Some of the magic behind multi-user/multi-device editing in Google docs
is referred to as operational transformation algorithms.

Have a look at for example:
http://www.codecommit.com/blog/java/understanding-and-applying-operational-transformation
or http://en.wikipedia.org/wiki/Operational_transformation

Very interesting stuff when you look closer at it. Some years ago one of
our student projects used some of that power provided in Google Wave to
experiment with an experimental partial implementation of a multi-user
archetype editor. In that case the operational transformation operated on
XML pieces. The simplest case is operations on plain text - that case is
usually described in explanations. Open source implementations of
operational transformation working with for example pieces of JSON are also
available (http://sharejs.org/).

In the upcoming (BMC accepted) paper Applying representational state
transfer (REST) architecture to archetype-based electronic health record
systems (and briefly in my thesis) - I mention the thought of using
operational transformation in the EHR editing stage taking place before
doing real openEHR contribution commits. This would be a possibly
interesting replacement or upgrade of the Contribution Builder component
described in the paper. It would allow for simultaneous shared multi-user
and multi-device data entry for many (but not all) use cases. It won't
scale to thousands of users simultaneously preparing the same contribution
for the same patient but it should scale well for a handful of simultaneous
users per patient if they are somewhat aware of each others duties and
responsibilities. The possibility to flag openEHR content as incomplete
would allow snapshots from the shared contribution build to be persisted in
the proper EHR at a regular interval and/or actively triggered by the user
when they need to shift attention to other things. Later when considered
complete, another version could be marked as complete, be signed
and committed.

If anybody currently has time or resources (e.g. master thesis students) to
pursue an operational transformation openEHR data entry approach in an open
source project, then don't hesitate to contact me for more detailed
discussions and potential cooperation.

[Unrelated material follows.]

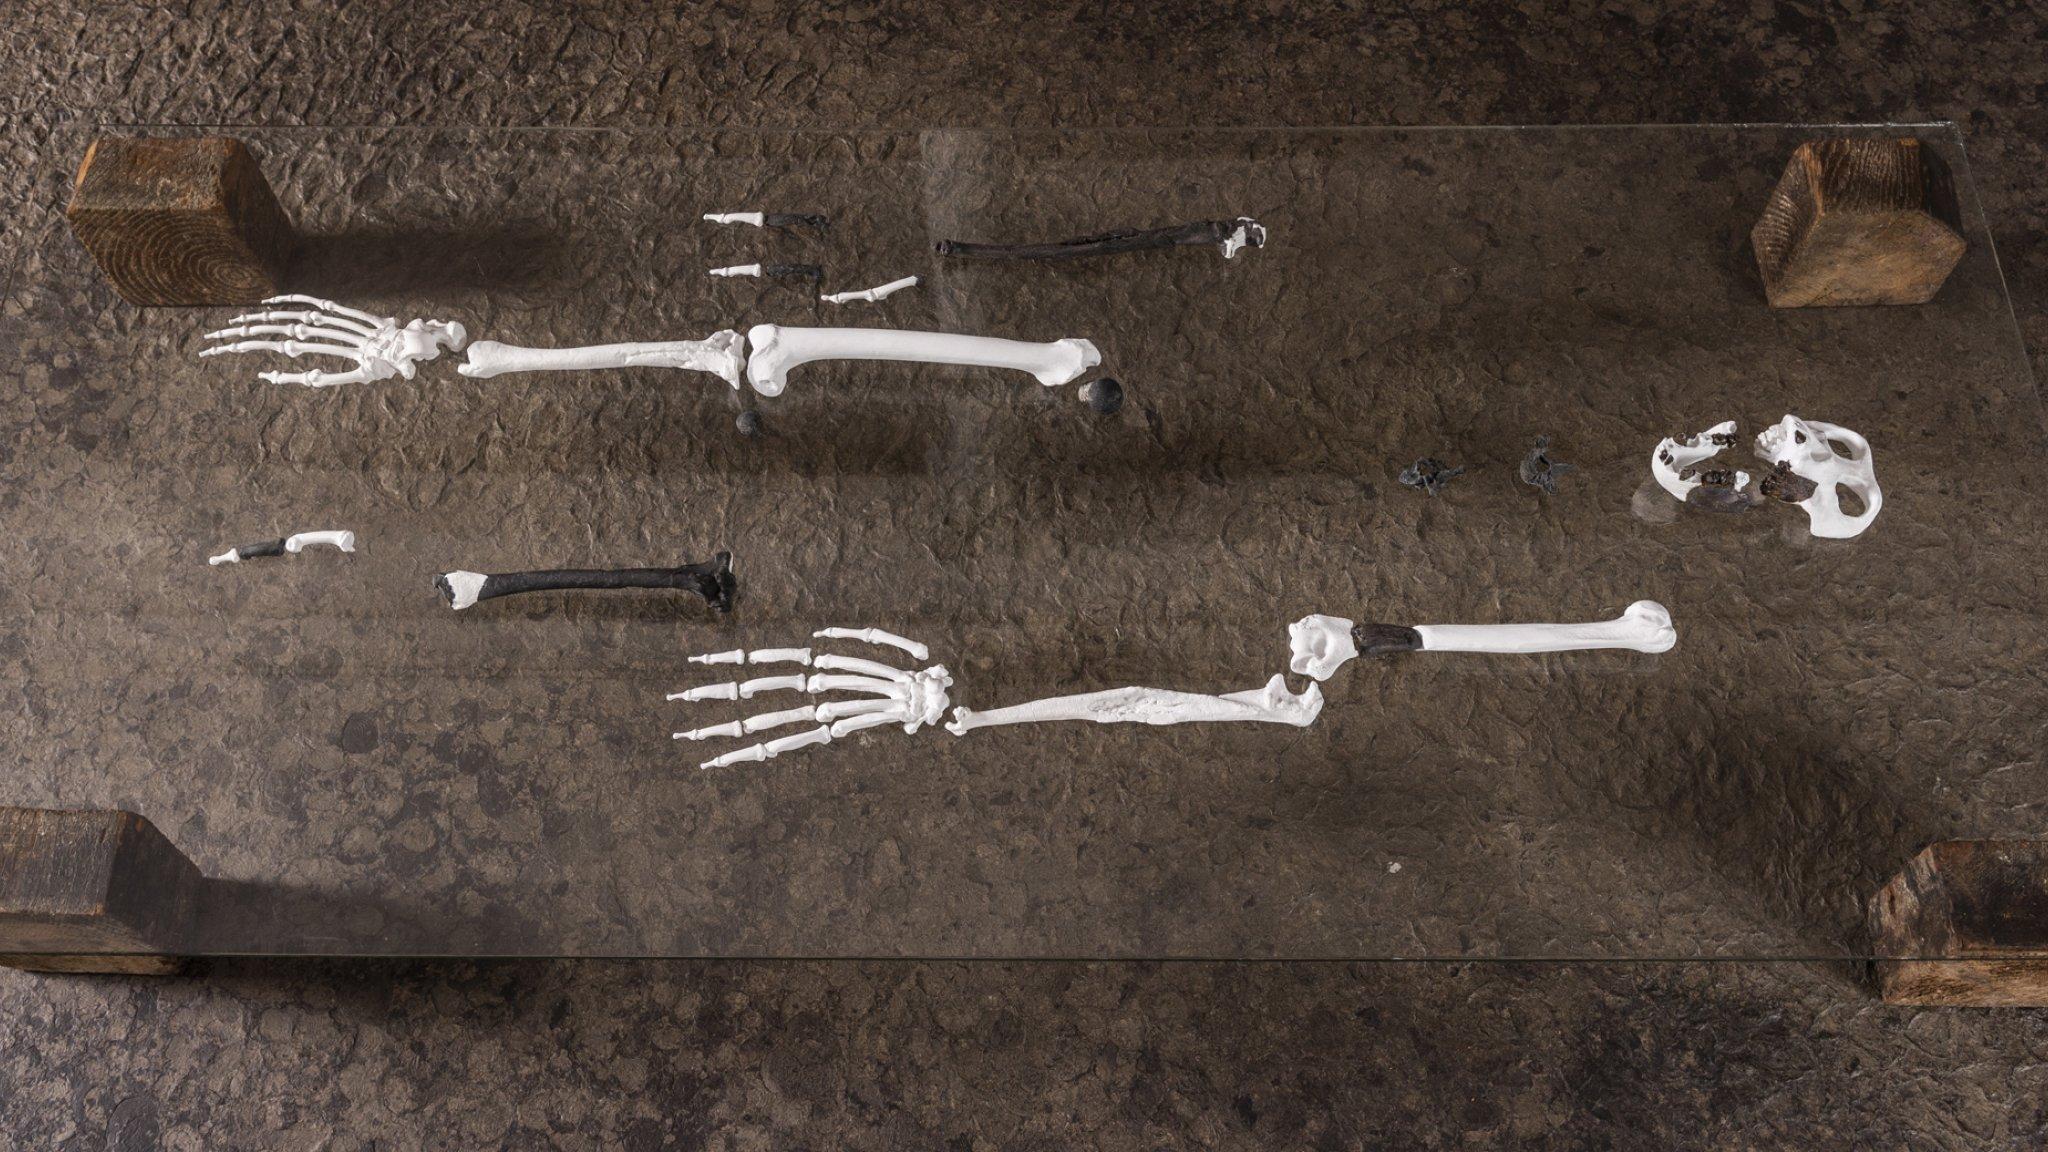 Auf einer Glasplatte haben Forscher das Skelett des aufrecht gehenden Menschenaffen Danuvius guggenmosi ausgebreitet. Nur ein Teil der Knochen ist erhalten, den Rest haben die Forscher rekonstruiert
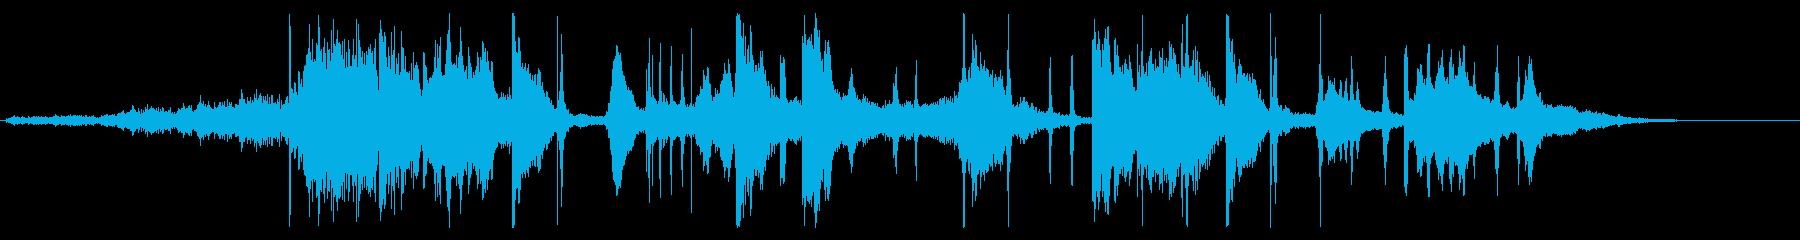 温かみのあるスタイリッシュなデジタルロゴの再生済みの波形

A bit wiser from my work with the
repeatedly delayed REST implementation and publication approach, I'd prefer
to do such experimentation in an incremental, multi-site, open, public way
instead of only having a big publication/delivery in the end.

Best regards,
Erik Sundvall
erik.sundvall at liu.se http://www.imt.liu.se/~erisu/

P.s. Qoute from the upcoming paper Applying representational state
transfer (REST) architecture to archetype-based electronic health record
systems:

 Shared contribution builds is another interesting potential future work.
 The current contribution builder design works best if a contribution build
 is personal and the user uses one device at a time for editing it. For more
 dynamic teamwork or multimodal or multidevice data entry, using systems
 based on Operational Transformation (OT) would likely enhance the user
 experience. OT is a lock-free resolution mechanism that is used for example
 in collaborative systems like Google Docs and Apache Wave (formerly Google
 Wave). Since OT involves many small transactions a use of approaches like
 WebSockets for accessing shared contribution builds is anticipated. When
 explored properly, specific OT application recommendations should be added
 to the architecture.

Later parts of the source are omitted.